▶ Work instruction
Would you print the data below exactly, leaving out every picture?

▶ Given material
◆ ◆ ◆ ◆ ◆ ◆ ◆

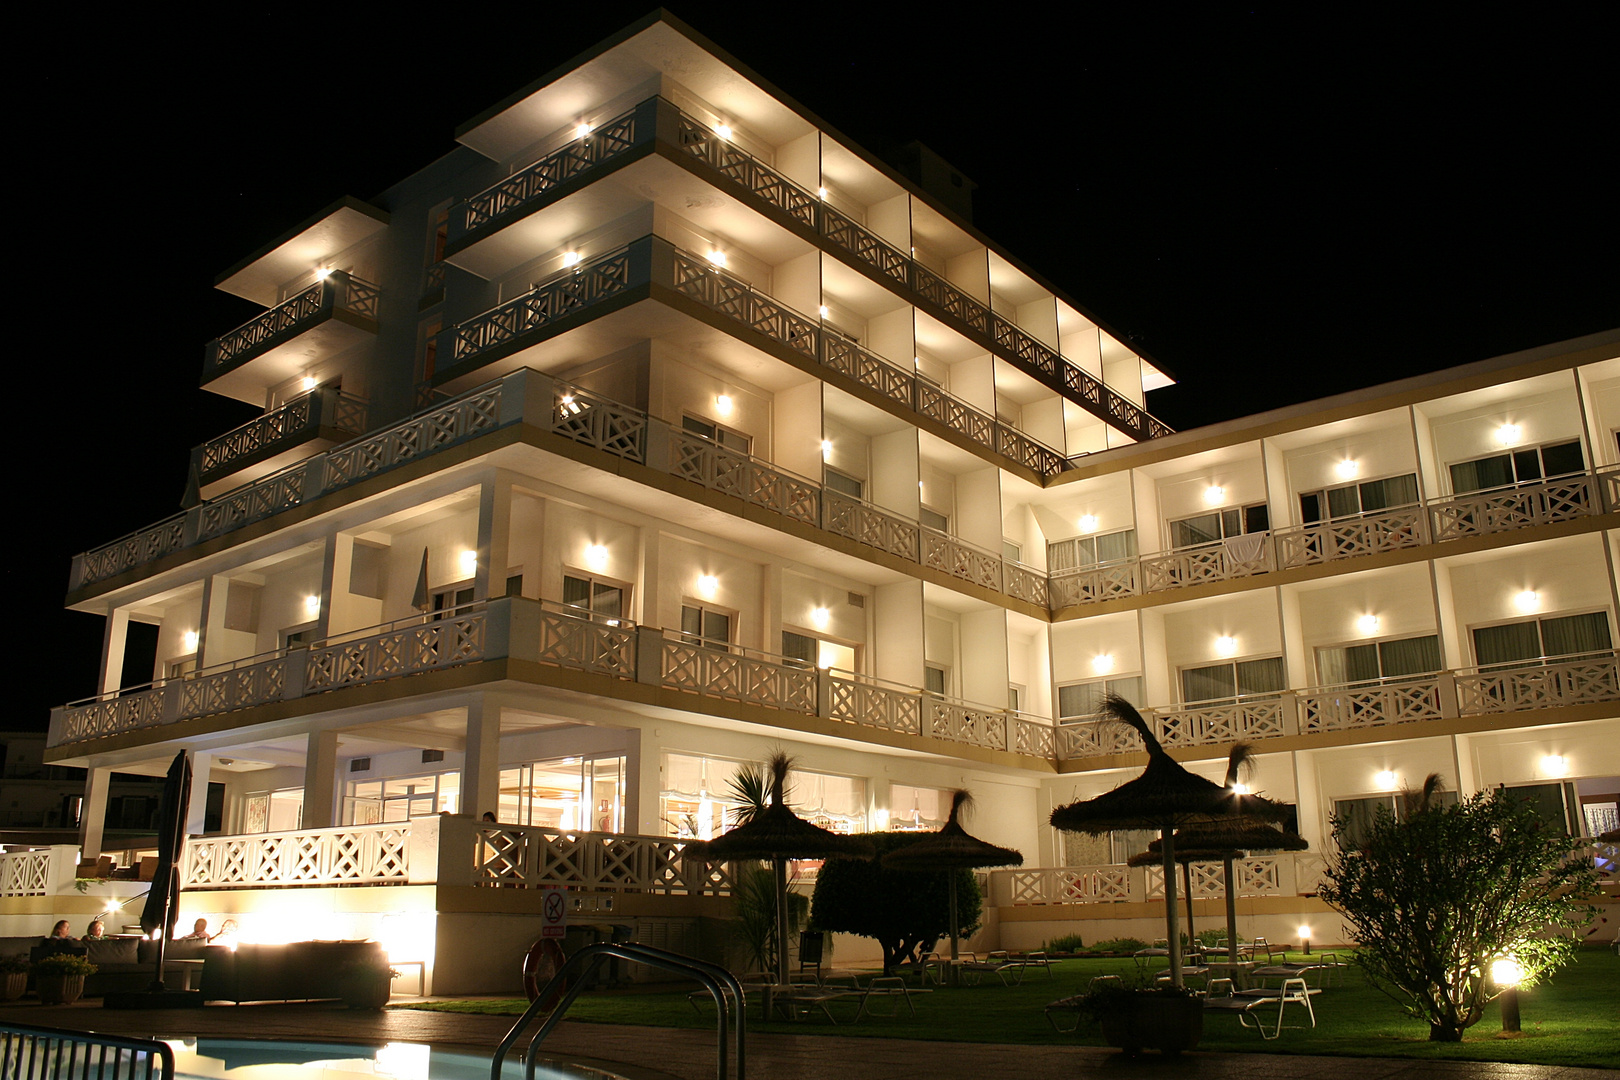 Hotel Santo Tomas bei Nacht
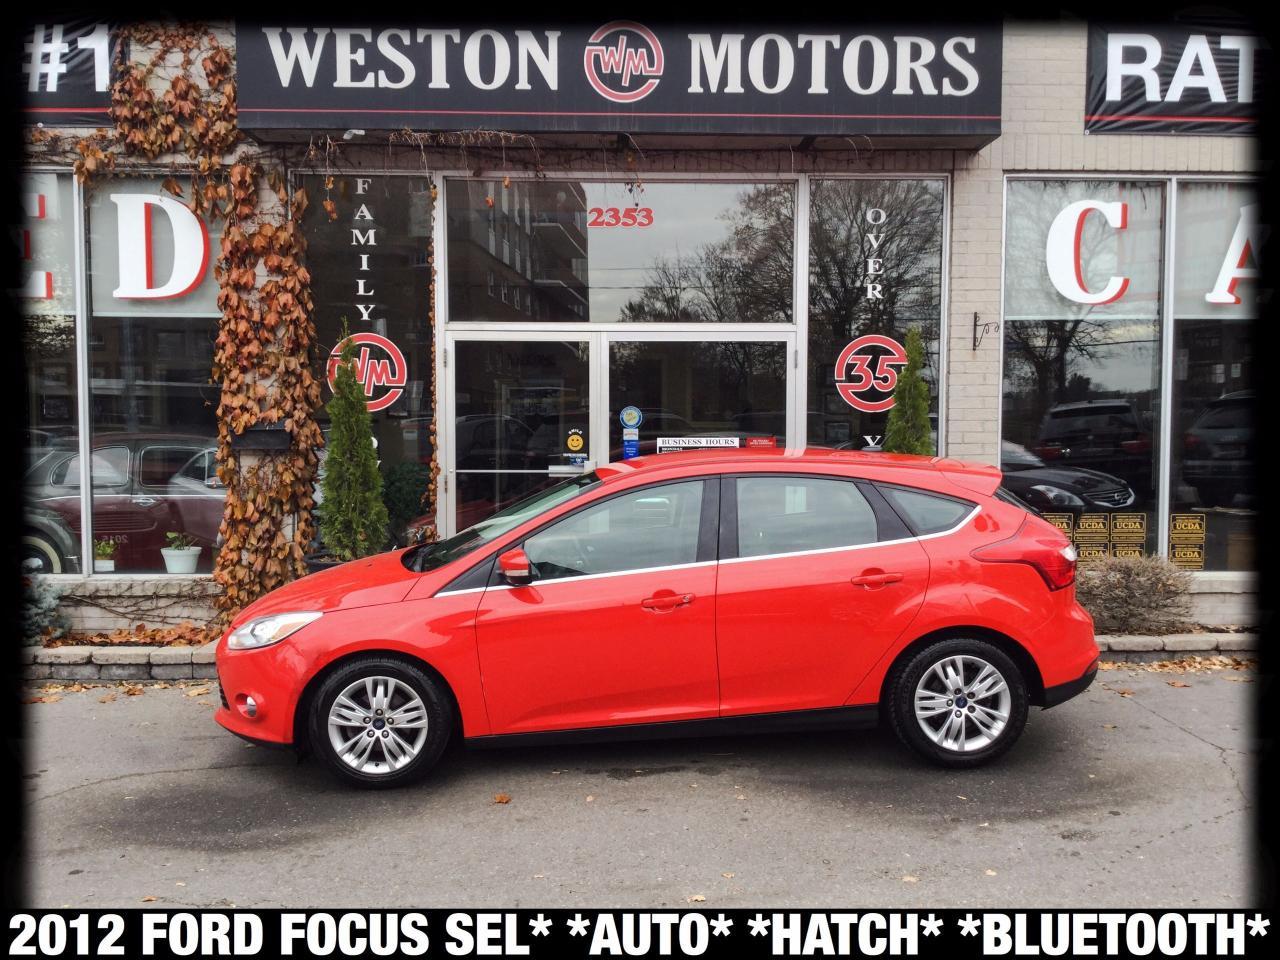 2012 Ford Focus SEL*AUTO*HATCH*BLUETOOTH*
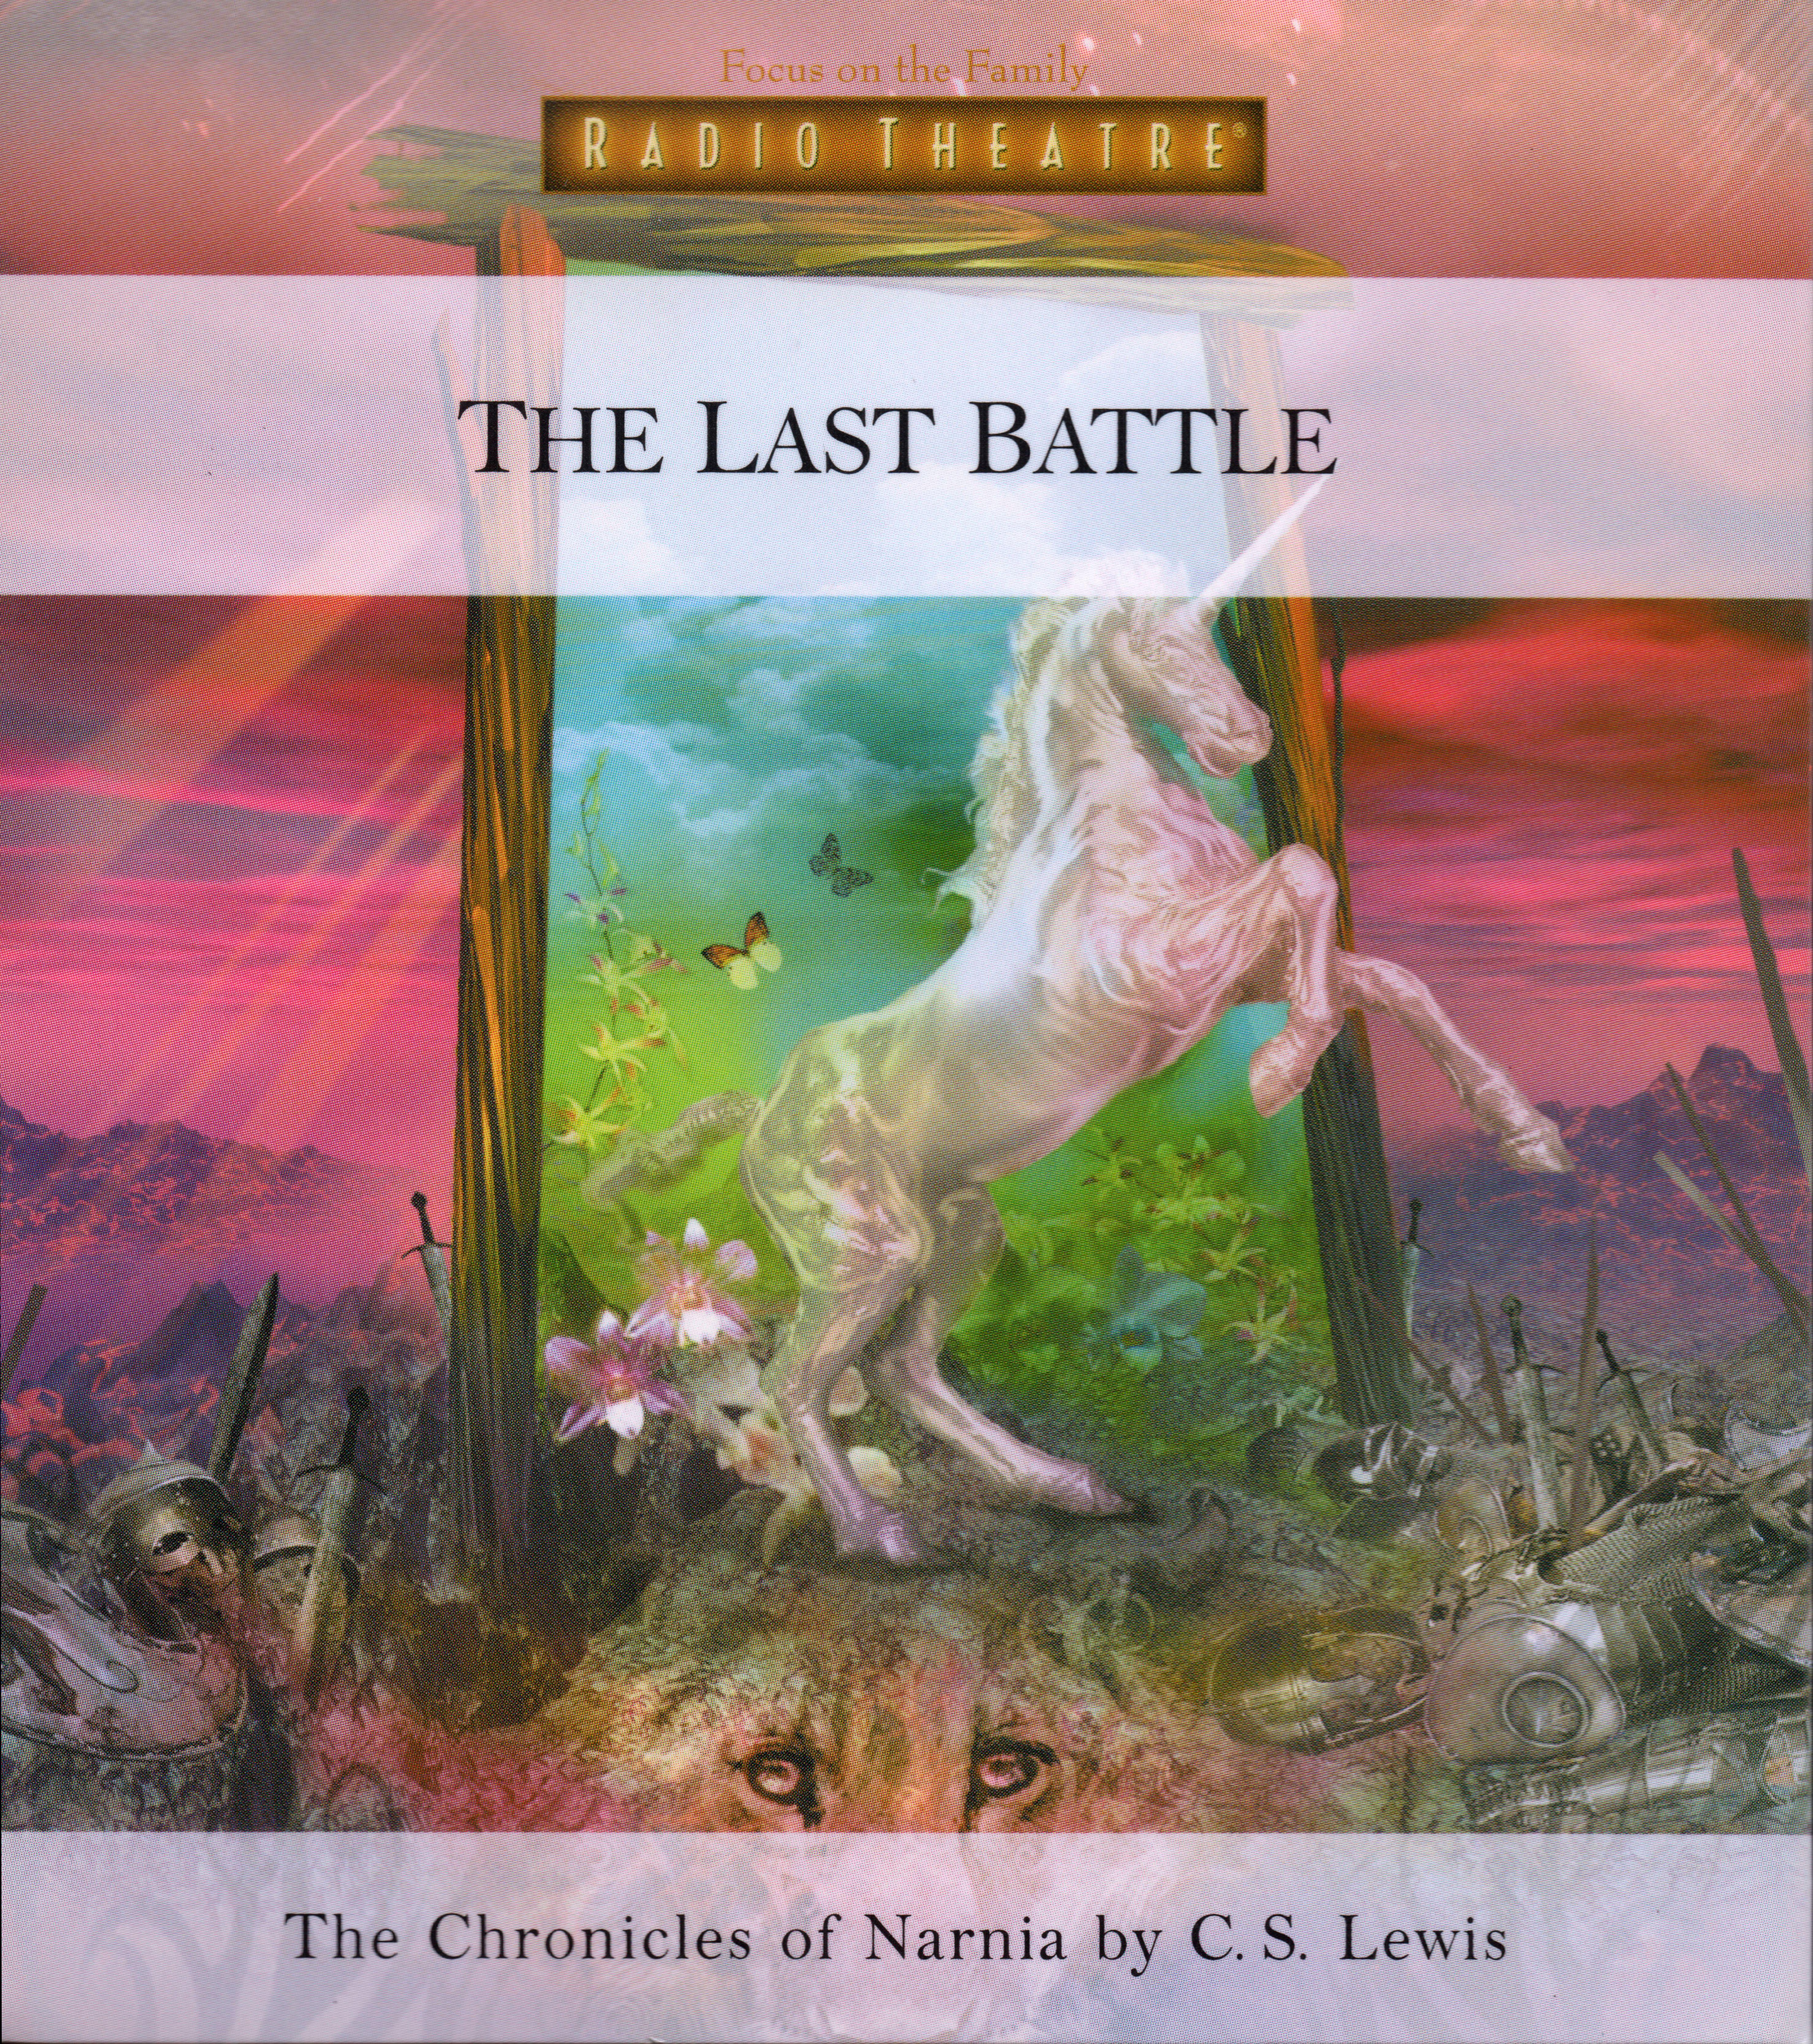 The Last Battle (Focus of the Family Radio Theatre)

◆ ◆ ◆ ◆ ◆ ◆ ◆

▶ Output for this exercise
 Hotel Santo Tomas bei Nacht
 2012 Ford Focus SEL*AUTO*HATCH*BLUETOOTH*
 The Last Battle (Focus of the Family Radio Theatre)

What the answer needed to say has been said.